Dear Mr. Berko: 

I recently sold shares of Johnson & Johnson at $92. I had bought them on your recommendation last December at $71. Now I have about $9,000 to invest. What is your opinion of Tesla Motors Inc.? Would you advise purchasing 75 shares for a long-term investment in my individual retirement account if I would reinvest the dividends? And can you tell me why Tesla can’t sell its vehicles online directly to the consumer and avoid the expenses of opening a franchise dealership? It seems to me that the public would be able to buy a Tesla at a lower price and avoid the sales commission costs and franchise expenses.

N.C., Wilmington, N.C.



Dear N.C.: 

Selling Johnson & Johnson (JNJ-$86.94) is an unforgivable sin. Admittedly, the share price in the past dozen years hasn’t been much to call home about, even though revenues in that time frame have doubled, earnings have tripled and the dividend has increased fourfold. In fact, the values of most big pharma issues have been dead in the water during the past decade. However, the 30 percent increase in JNJ’s share value from your December price is a portent of things to come. Some investors are beginning to realize once again that proven management, quality revenues, quality earnings and strong dividend growth trump the hyperbole and tawdry testimonials of Wall Street’s “get rich quick” touts. Repurchase JNJ, and forget Tesla (TSLA-$165.78), a speculation so rank that, like a pack of cigarettes, it should have a “Dangerous to Your Wealth” warning label attached to its TSLA ticker symbol.
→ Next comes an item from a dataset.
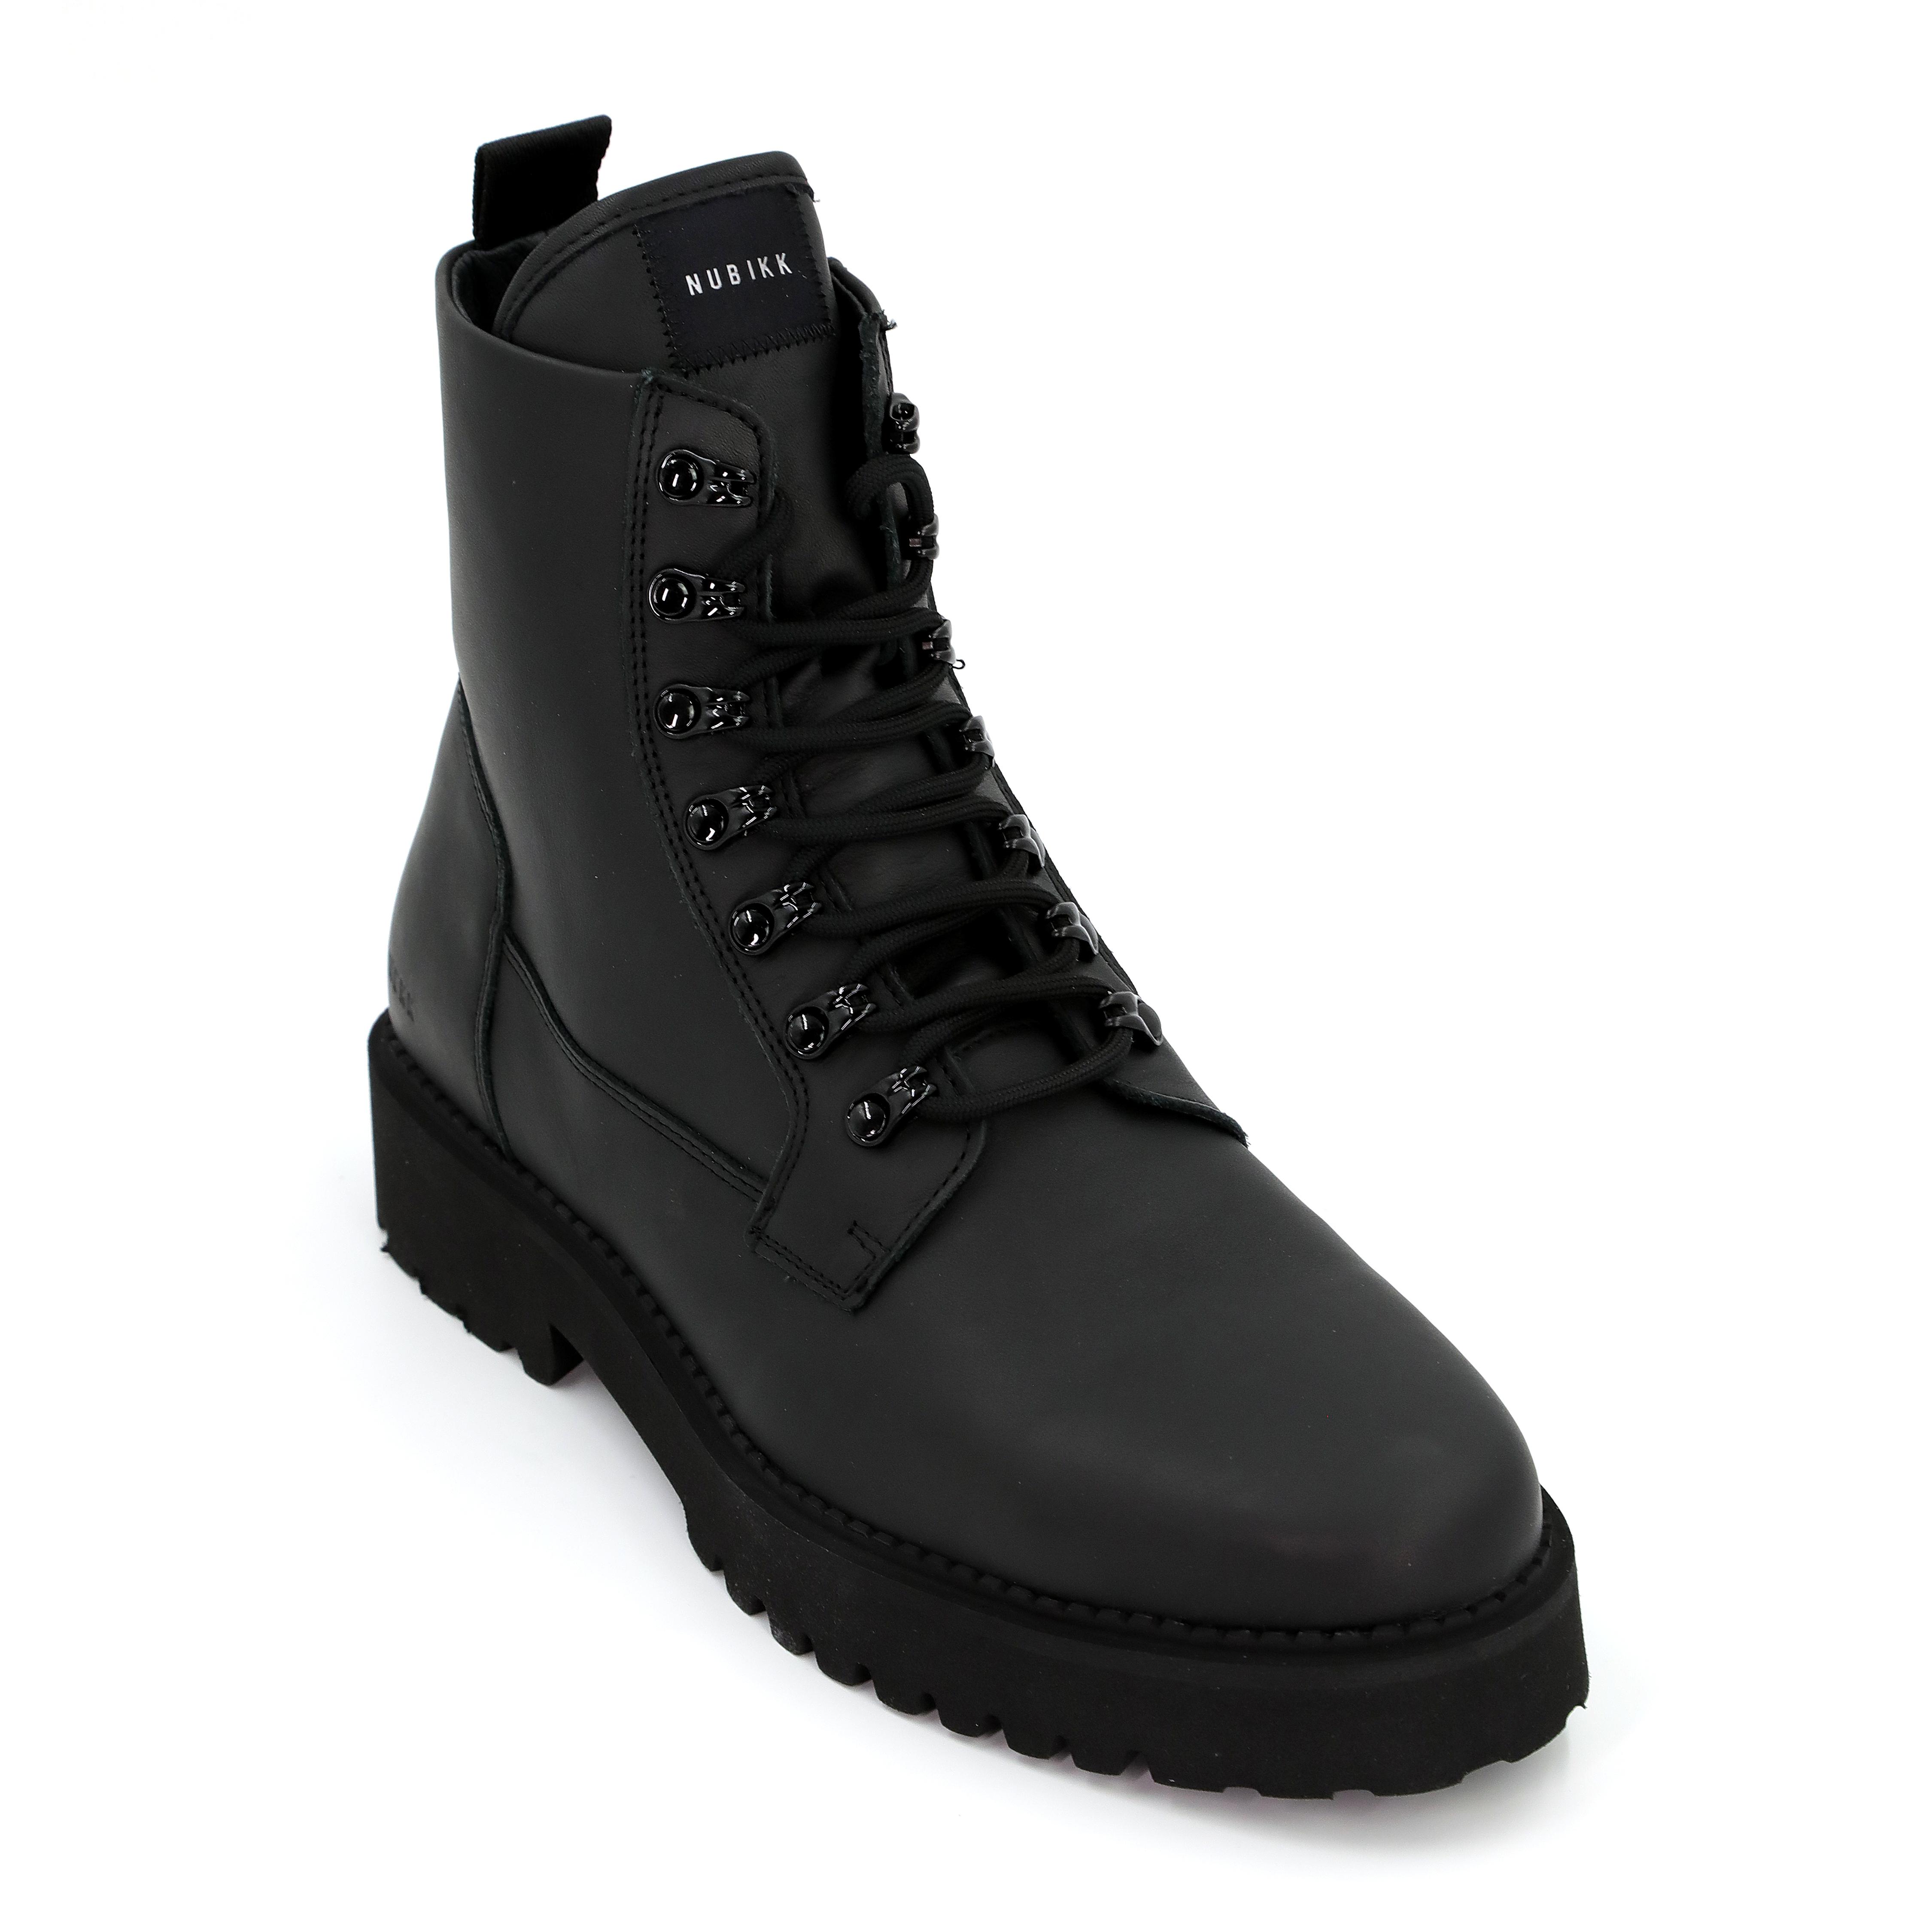 Мужские ботинки Nubikk, черные, цвет черный, размер 42 - фото 4

TSLA has opened about 30 stores in a dozen states. And residents of the remaining states must order a TSLA by phone or on the Internet. Most states have a gaggle of franchise laws barring General Motors, Ford, Chrysler, BMW, Toyota, Honda, etc., from selling directly to the consumer. These franchise laws go way back to the industry’s early days, when Henry “Old Sourpuss” Ford needed to persuade entrepreneurs to help him sell his Model T. And those state laws may be justified because without them, the automakers could easily use their tremendous economic clout to bypass the middleman and sell vehicles for less than their independent franchisees. And because most state legislators depend on significant political contributions from franchised dealers, they agree that TSLA’s direct sales violate the franchise laws. These franchise laws increase the cost of your Lincolns, Buicks and Lexi because they insulate the franchised dealers from the e-commerce revolution, which has hurt Barnes & Noble, Best Buy, Sears and other retailers. So according to an angry reader in North Carolina, your Republican-controlled state Senate passed a law banning TSLA from selling its cars online. If TSLA were permitted to sell its cars online, the auto manufacturers could also establish their own online retail networks and sell directly to the public. So if your state allowed TSLA to establish a franchise, it would open the door for GM, Ford, Chrysler and others to create their own sales subsidiaries and sell directly to the consumer. The Big Three automakers flirted with this idea in the 1990s, but a rancorous and strident dealer backlash persuaded them to change their tactics. TSLA’s lawyers argue that this is illegal restraint of trade and that it violates interstate commerce laws.

TSLA makes sensational cars, and the reviews have been rave. The Model S fully charges in less than 25 minutes and goes from zero to 60 in 4.2 seconds, and its 85 kilowatt-hour battery has a range of more than 260 miles. But this company may not be “honestly” profitable until September 2021 or March 2022 and may not pay a dividend until 2026. Therefore, you might have to wait 13 years before you would reinvest any dividends. Frankly, I think anyone who buys this stock has to be addled and wacky to pay $166 a share for a company that has no earnings and produces $70,000-$125,000 cars that many banks won’t finance. TSLA is not an investment; it’s a speculation. But the cars are dynamite.